L’Association des Historiens du Sénégal (AHS) a marqué la célébration de la Journée de l’Afrique, samedi dernier, à l’Université Cheikh Anta Diop de Dakar. Dans une salle de conférence pleine à l’UCAD 2, le professeur Abdoulaye Bathily, historien émérite et homme politique de renom, a animé une conférence magistrale sur le thème : « Dynamiques géopolitiques mondiales et perspectives africaines ». L’événement, modéré par le professeur Mamadou Badji, historien du droit et ancien recteur de l’Université Assane Seck de Ziguinchor, a été l’occasion d’une plongée dense et critique dans l’histoire mondiale et les enjeux actuels auxquels l’Afrique est confrontée.

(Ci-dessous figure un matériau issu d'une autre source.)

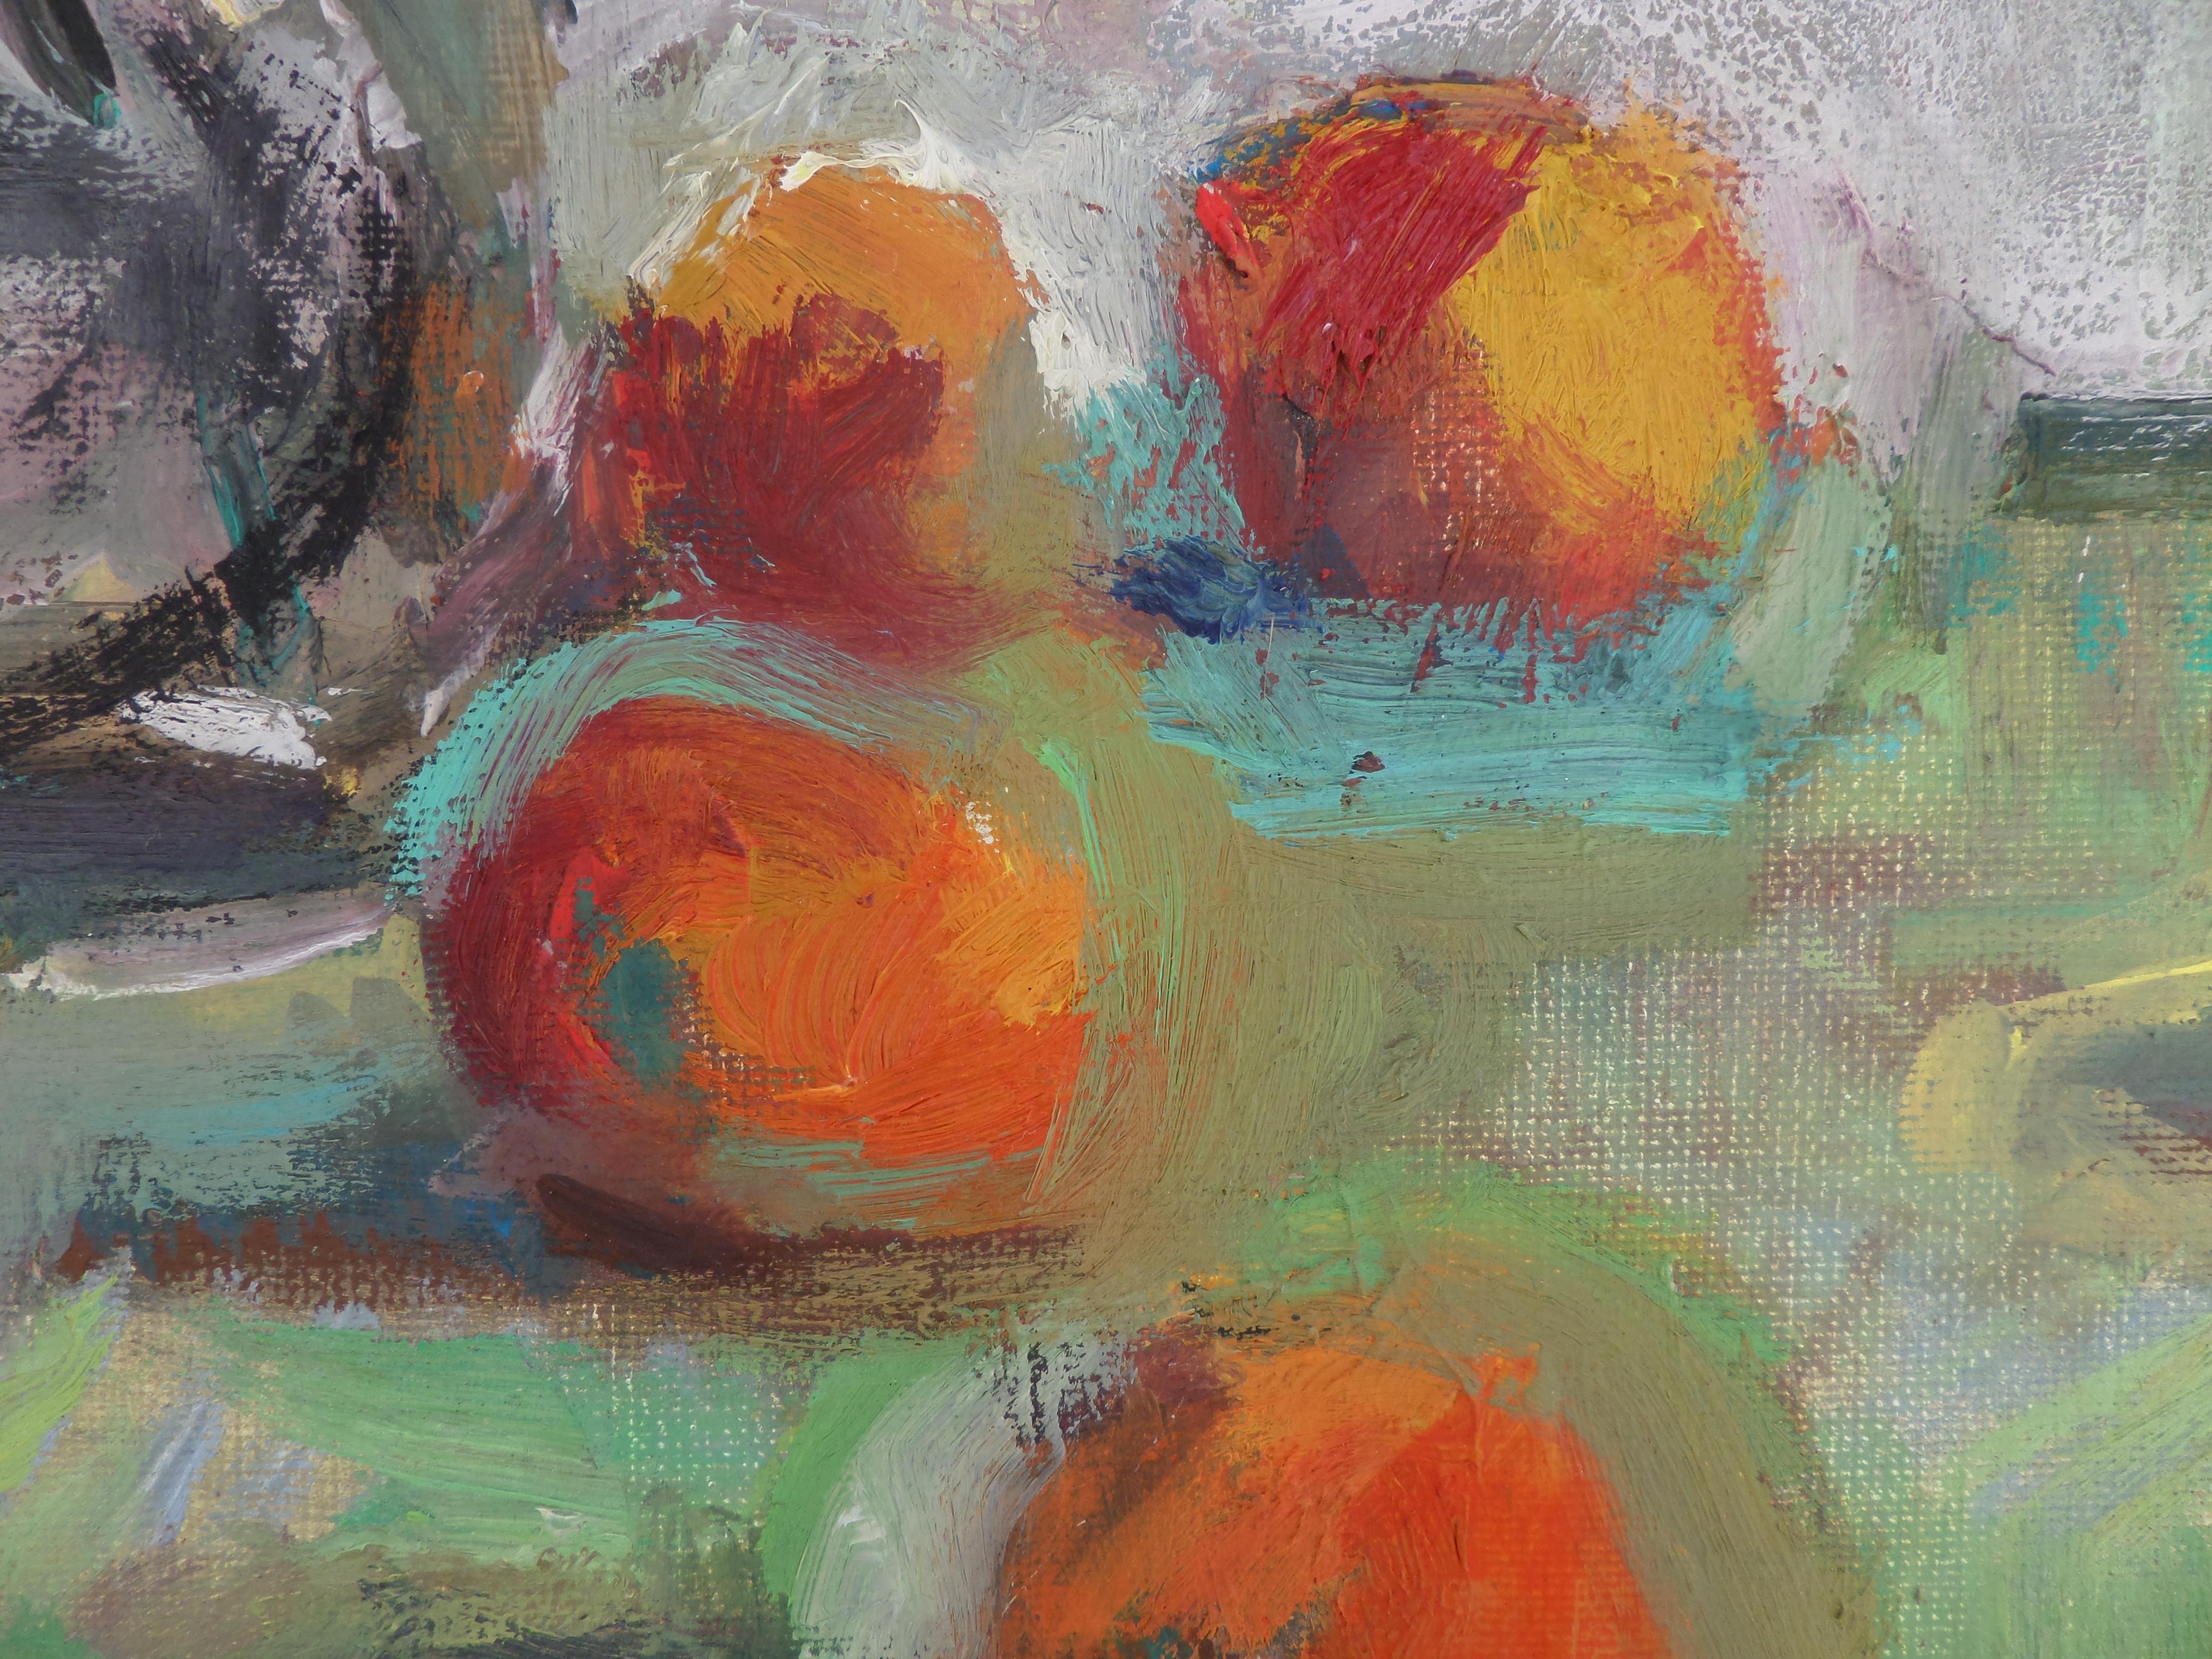 Blumen und Früchte - Stillleben Ölgemälde Grün Rot Weiß Gelb Braun Orange (Impressionismus), Painting, von Ivan Roussev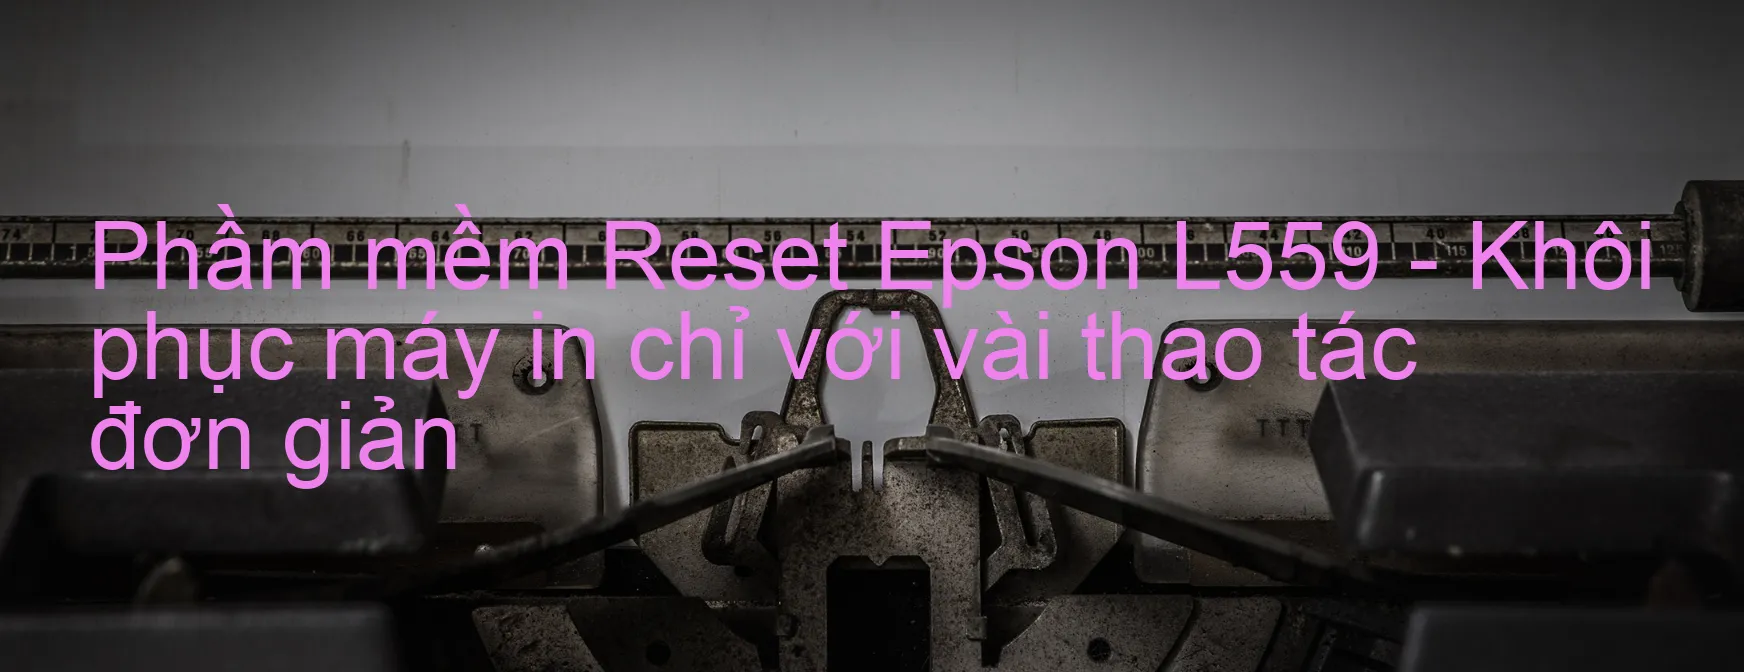 Phầm mềm Reset Epson L559 - Khôi phục máy in chỉ với vài thao tác đơn giản

D’entrée, le professeur Bathily a rappelé que bien avant l’éveil de l’Europe, certaines régions du continent africain figuraient parmi les plus avancées du monde. Des empires tels que le Ghana, le Mali ou le Songhaï faisaient alors preuve d’une organisation politique, économique et culturelle remarquable. Cette réalité, longtemps occultée, contredit l’idée reçue d’une Afrique éternellement en retard.
Cependant, tout bascule à partir du 15e siècle, avec les révolutions techniques en Europe, notamment les progrès en navigation maritime impulsés par les bourgeoisies italiennes et soutenus par les monarchies ibériques. L’invention du gouvernail d’étambot, comparée par Bathily à une révolution technologique équivalente à celle du numérique aujourd’hui, a modifié les rapports de force entre les continents.
Le point tournant, souligne-t-il, fut le traité de Tordesillas (1494), par lequel l’Espagne et le Portugal décidèrent, avec l’assentiment du pape, de se partager le monde. Ce traité inaugura une ère de domination occidentale fondée sur la maîtrise des mers, qui allait aboutir au colonialisme.
Résistances africaines, mouvement panafricain et défis contemporains
Abdoulaye Bathily a également tenu à rappeler que la conquête coloniale ne fut pas un long fleuve tranquille. De nombreuses résistances, locales et souvent héroïques, se sont opposées à l’invasion européenne. Cependant, malgré ces luttes, les puissances coloniales parvinrent à imposer leur domination. Des historiens occidentaux, à l’instar de Robinson et Gallagher dans Africa and the Victorians, ont tenté d’atténuer la responsabilité des puissances coloniales, avançant que certaines, comme l’Angleterre, n’auraient pas été initialement intéressées par la conquête de l’Afrique. Une lecture que Bathily juge fallacieuse.
Il évoque ensuite le réveil des peuples colonisés à travers le mouvement panafricain, nourri de solidarité entre nations africaines et asiatiques, notamment lors de la conférence historique de Bandung en 1955. Ce moment charnière a marqué une convergence entre luttes africaines et asiatiques contre l’impérialisme, ouvrant la voie aux indépendances et à une nouvelle vision des relations internationales fondée sur la souveraineté et l’égalité.
Dans la dernière partie de son intervention, le professeur Bathily a lancé un appel à l’introspection et à la lucidité. Selon lui, il est temps pour les Africains de passer des slogans à des analyses sérieuses, dépassionnées, des défis auxquels le continent est confronté. Il ne s’agit plus de se contenter de discours, mais de bâtir une véritable volonté politique, portée par chaque pays et consolidée par une solidarité régionale. “L’Asie nous a dépassés, l’Amérique du Sud également. Pourquoi ? Qu’est-ce qui n’a pas fonctionné ?”, s’interroge-t-il. Il plaide pour une démocratie fondée non pas sur les mots, mais sur des actes concrets, une gouvernance efficace, et une pensée stratégique adaptée aux enjeux du monde contemporain.
La conférence d’Abdoulaye Bathily, à la fois érudite et engagée, a suscité de vifs échanges avec le public, principalement composé d’étudiants, d’enseignants et de chercheurs. Elle a rappelé avec force l’urgence pour l’Afrique de retrouver sa voix, son histoire et son avenir, en s’ancrant dans la lucidité historique et l’engagement collectif.